My phone buzzed in the suit pocket against my leg. Half battery, I thought, as I swiped the ‘unlock’ to answer.

“Are you still in New York?” My wife, Jenn, asked frantically.

“Yes. There seems to be something going on outside.” My voice sounded odd.

“Oh, God, no. It’s all over the news.”

“What?”

“The dead are alive, John. They don’t know how or why, but they are getting up and killing other people. It started in New York. You need to get to the airport right away. Get out of the city! John! John!”

Dazed by the news, I responded that I was by the window of the office overlooking the street. There was a car flipped over and people were running all over the place. I was trying like hell to wrap my head around what was happening.

“It doesn’t look good down there, Jenn. I don’t… I don’t think I’ll be able to make it to the airport.”

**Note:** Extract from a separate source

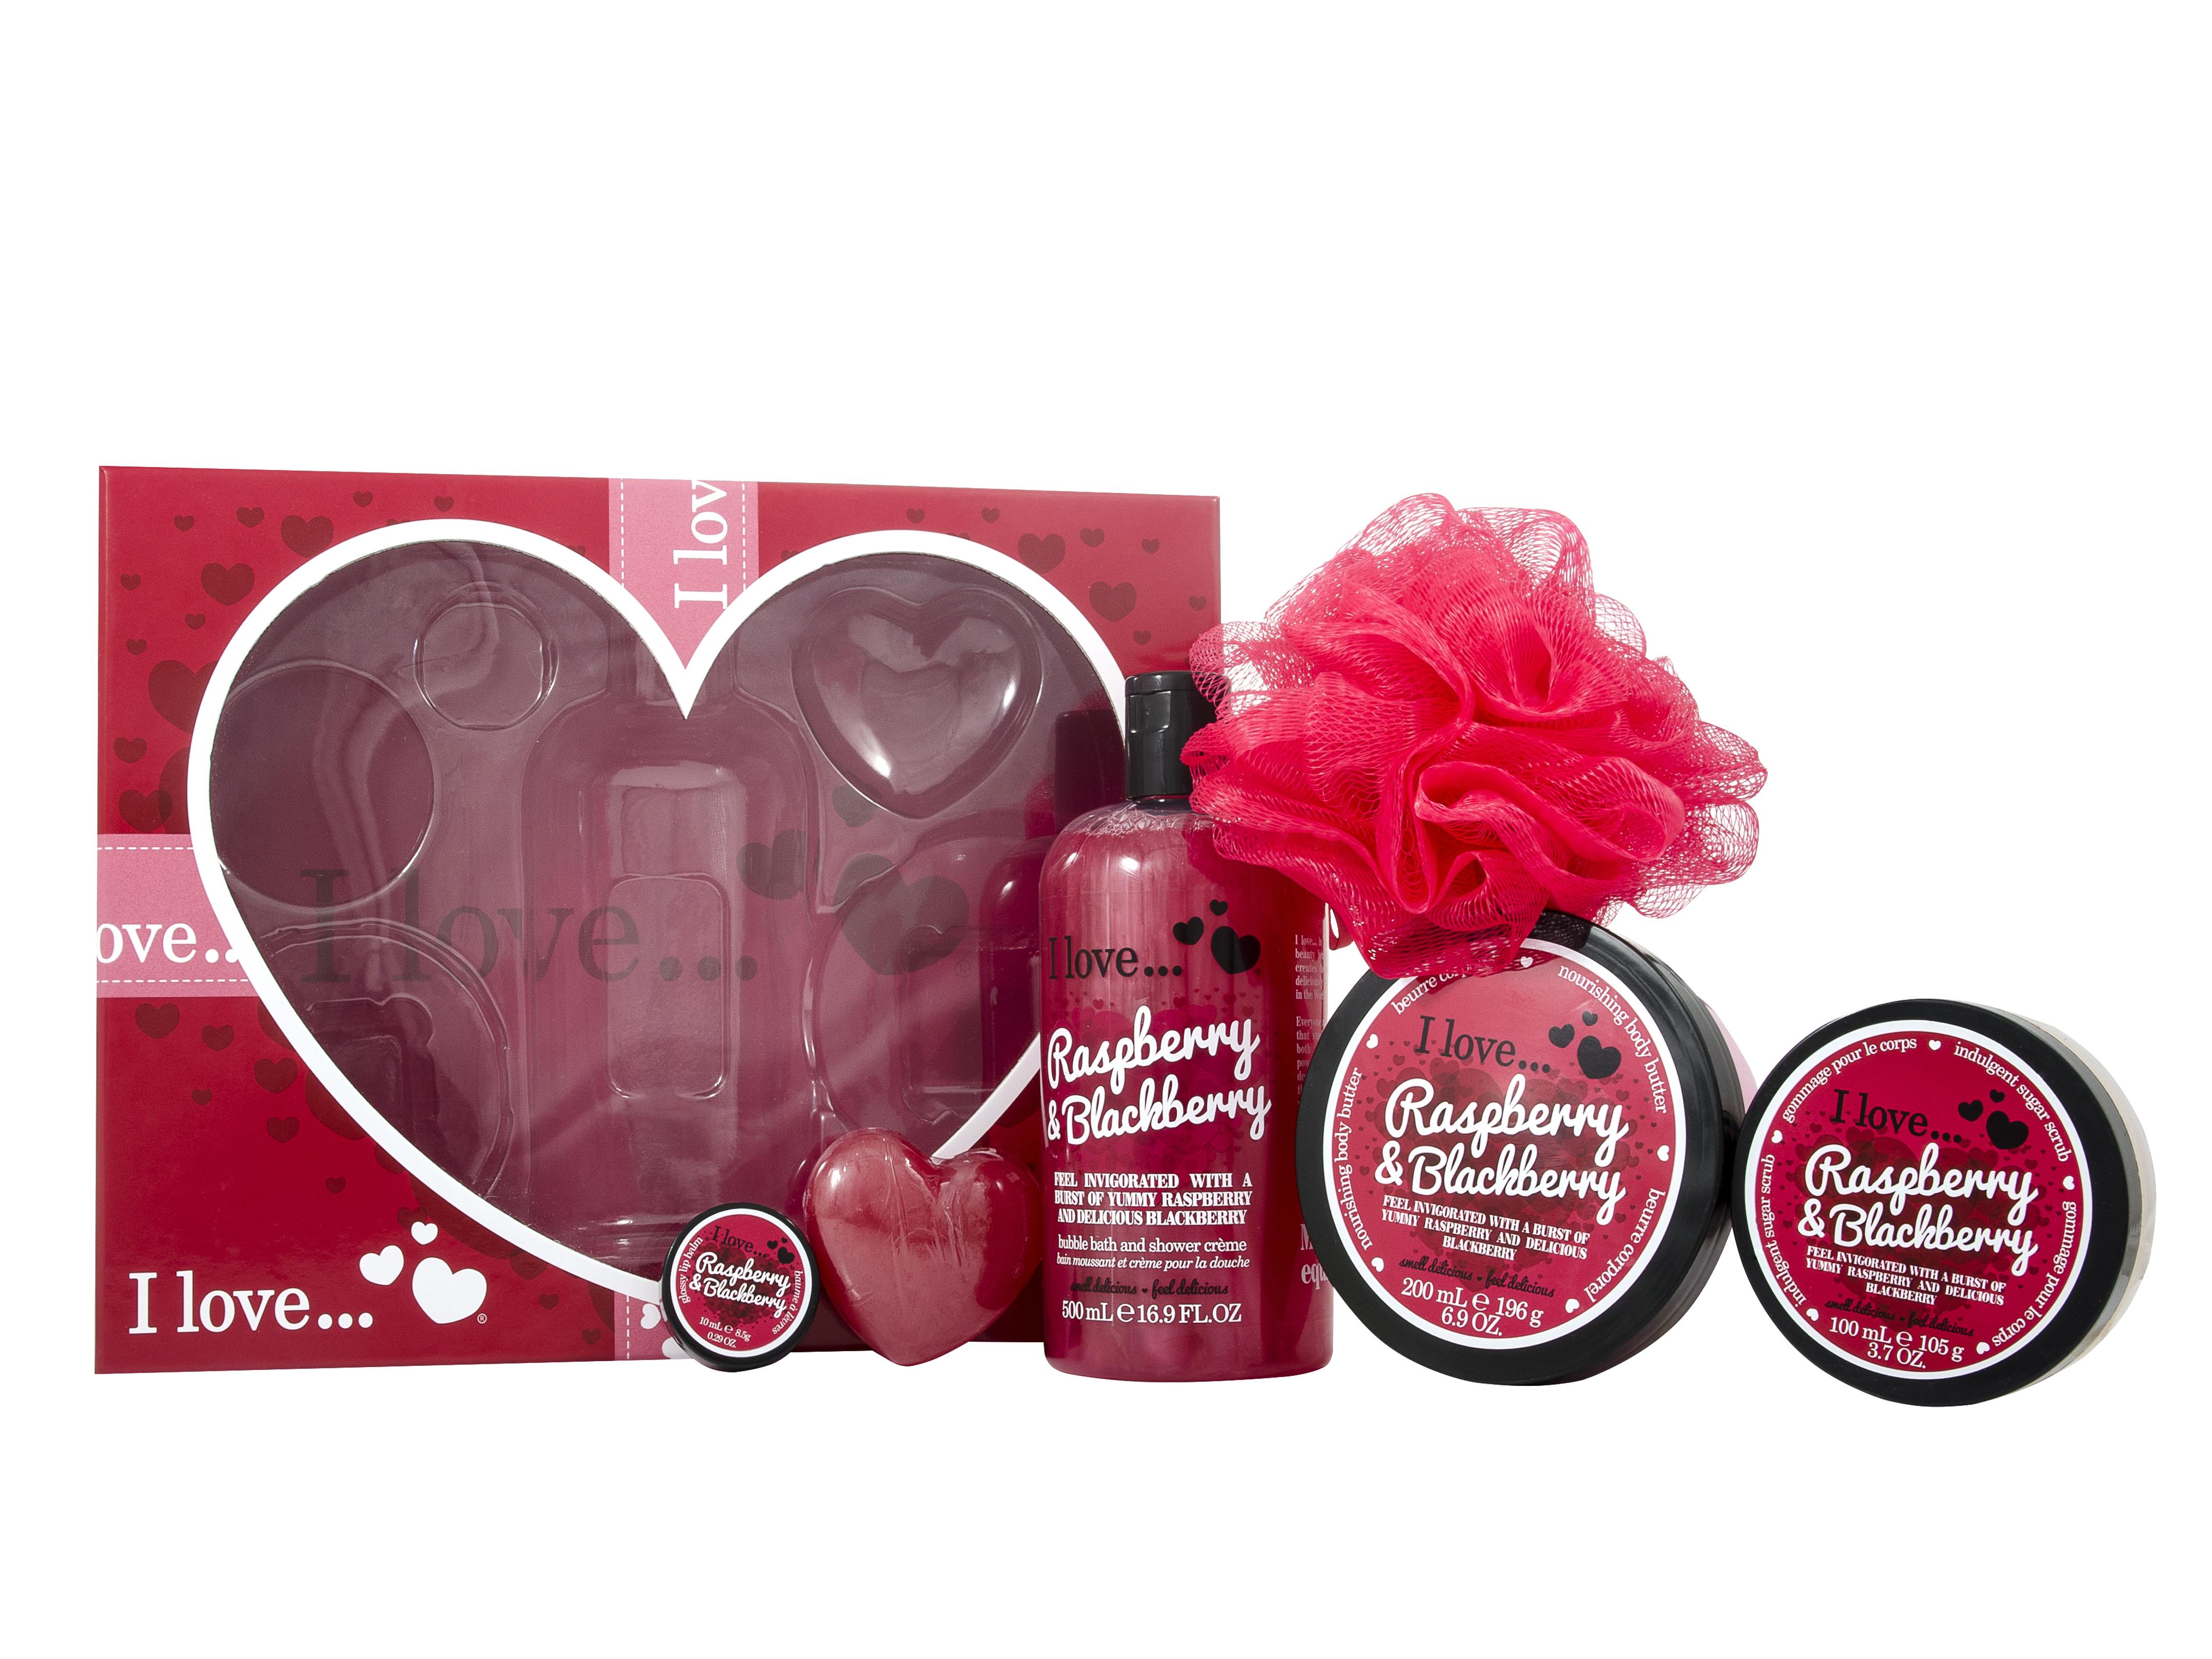 I Love Raspberries And Blackberry Bath & Body 5 Pieces Gift Set

“Then you need to find a car or some way to get out of there!” she shrieked, making me wince. I felt a sudden sense of urgency, as I gripped the phone tighter.

“I’m sorry, Jenn,” I blurted, “about this morning, about our fight.”

“None of that matters to me. Just get ho…”

The signal died. I tapped the phone until it was trying to dial her back. No luck. Not even a dial tone. Just dead air. Amazing. It was all already coming undone, and I didn’t even know it.

Refocusing on the office, I placed the phone back in my pocket. Looking around, I realized that there was no movement on the floor. No one was leaving their desk to head for the bathroom, to flirt with their secretaries, or to sneak outside to grab a smoke. The place was literally deserted.